Batesian Mimicry

Overview

In Batesian mimicry, a harmless species (the mimic) evolves to resemble a harmful or unpalatable species (the model) in order to avoid predation. The strategy works because predators that have had a bad experience with the model learn to avoid anything that looks like it. But there's a catch: the effectiveness of mimicry depends on the relative frequency of mimics to models.

If mimics become too common relative to models, predators encounter enough palatable prey in the mimetic pattern that they stop avoiding it. The protection breaks down. This frequency dependence is the key prediction of Batesian mimicry theory, and it's what you'll be testing here.

What You'll Do

You'll take on the role of a field researcher conducting a salamander survey in an Appalachian hardwood forest. Pick a survey date, set up your transects, and start flipping cover objects -- rocks, logs, boards, bark -- along the forest floor. Under each one you might find nothing, a common Red-backed Salamander, or if you're lucky, a Red Salamander or a Red Eft.

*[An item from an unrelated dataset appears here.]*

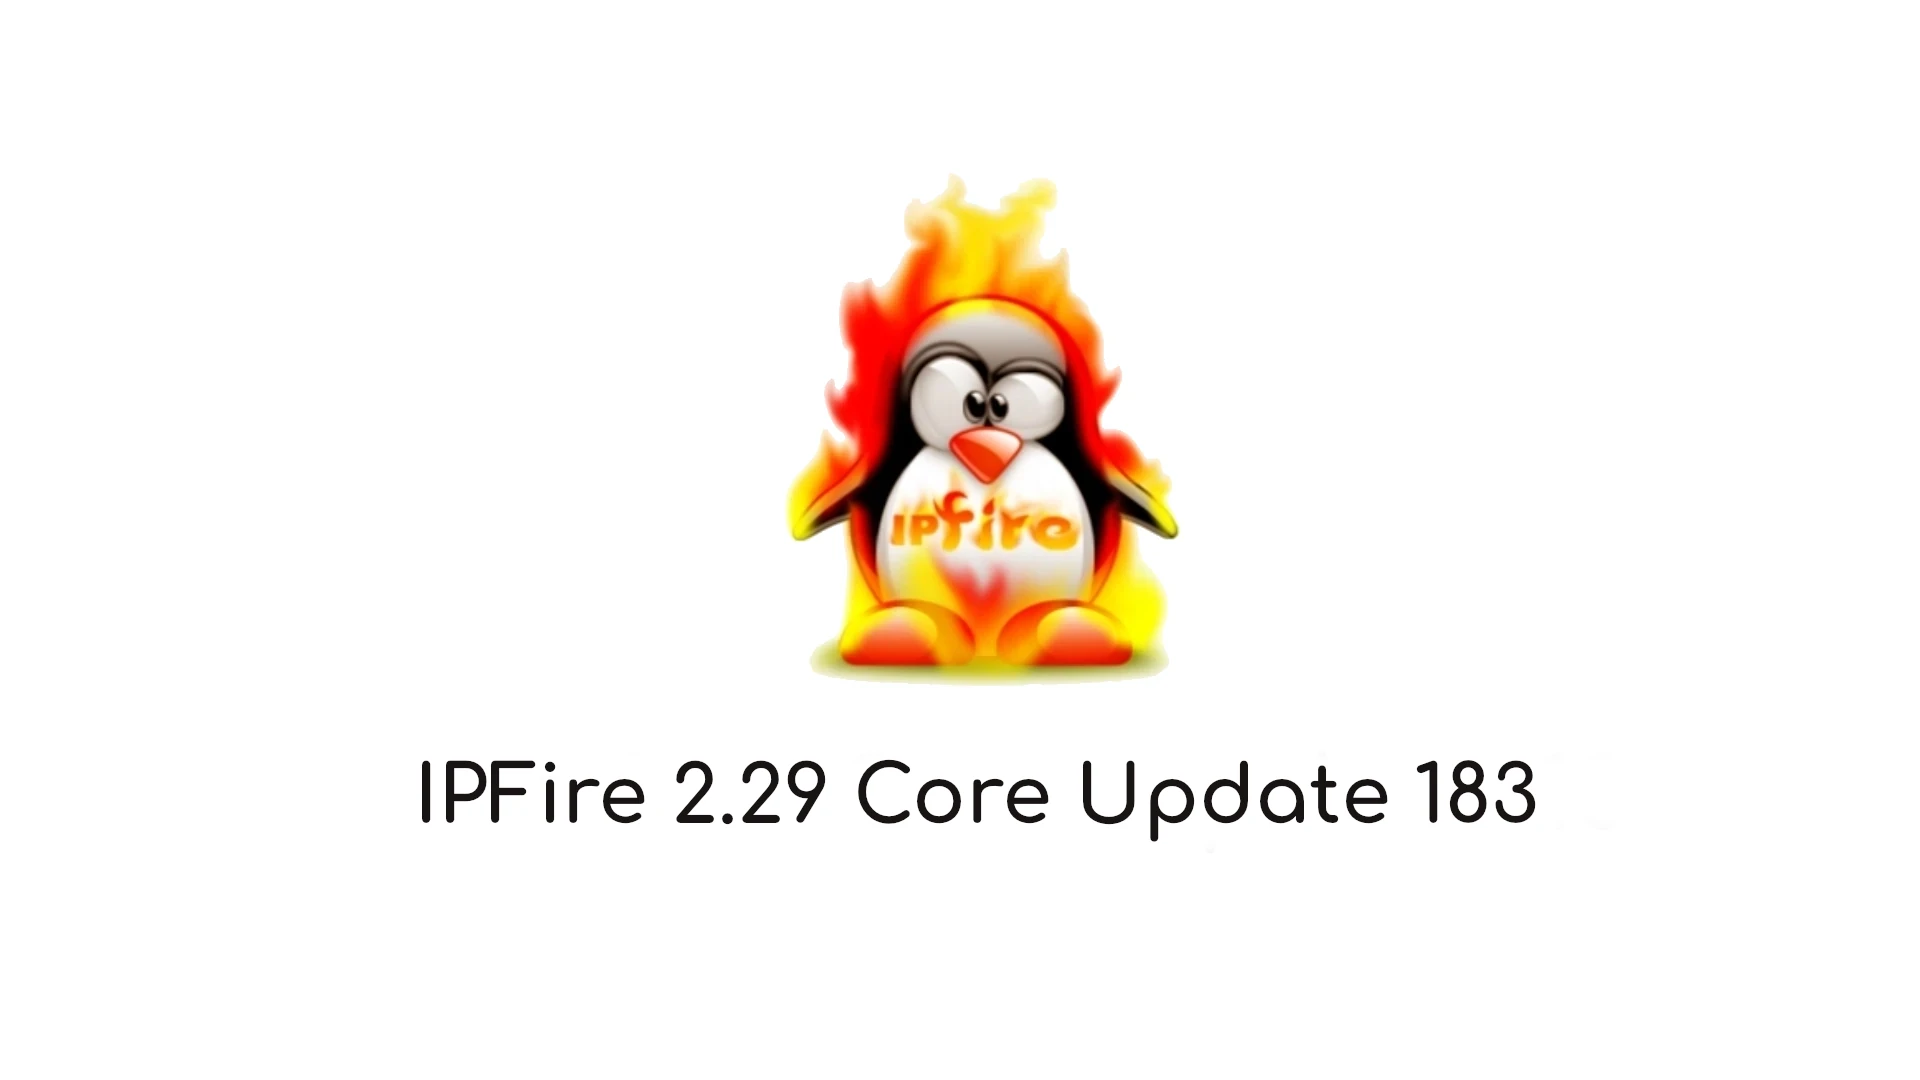 IPFire Hardened Linux Firewall Distro Is Now Powered by Linux Kernel 6.6 LTS

When you find a salamander, you'll need to identify it. The Red Salamander (Pseudotriton ruber) closely resembles the toxic Red Eft stage of the Eastern Newt (Notophthalmus viridescens) -- that resemblance is the mimicry, and telling them apart requires careful observation of skin texture, spot patterns, tail shape, and costal grooves. Record your measurements in a field notebook, check your data before leaving the site, and analyze your results to test whether the mimic-to-model ratio in your data supports the predictions of frequency-dependent selection theory.

Learning Objectives

1. Explain the frequency-dependent nature of Batesian mimicry and why mimic rarity is essential
2. Practice systematic field survey protocols: transect setup, cover object surveys, specimen handling, and data recording
3. Distinguish between similar-looking species using morphological characters under realistic conditions
4. Calculate mimic-to-model ratios and apply chi-square tests to evaluate frequency-dependent selection
5. Evaluate data quality, recognize sources of error, and understand detection probability

Animal Systems

• Red Salamander / Eastern Newt -- Forest floor; the red salamander mimics the toxic red-spotted newt
• Viceroy / Monarch Butterfly -- Open meadow; the classic textbook example (though the story is more complicated than most textbooks admit)
• Scarlet Kingsnake / Eastern Coral Snake -- Forest; "red touches yellow, kills a fellow" ring patterns
• Hoverflies / Yellowjacket Wasps -- Garden; hoverflies gain protection from their wasp-like coloration
• Zone-tailed Hawk / Turkey Vulture -- Sky; the hawk mimics the vulture's flight profile to approach prey undetected

Background

Henry Walter Bates described this form of mimicry in 1862 based on his observations of butterflies in the Amazon basin. He noticed that palatable species in certain butterfly families closely resembled unpalatable species from other families, and proposed that natural selection favored the resemblance because predators avoided both equally.

The frequency-dependent aspect was formalized later. If models are common and mimics are rare, most predator encounters with the shared color pattern result in a negative experience (the model is distasteful), so avoidance is maintained. As mimics become more common, the average encounter becomes less aversive, and predators start sampling the pattern again. This creates negative frequency-dependent selection on the mimic phenotype --the rarer you are, the better off you are.

Models can also evolve in response to mimics. If a model population experiences increased predation because mimics have diluted the effectiveness of the warning signal, selection may favor models that look less like the mimics --driving an evolutionary arms race. These dynamics make Batesian mimicry one of the richest topics in evolutionary ecology.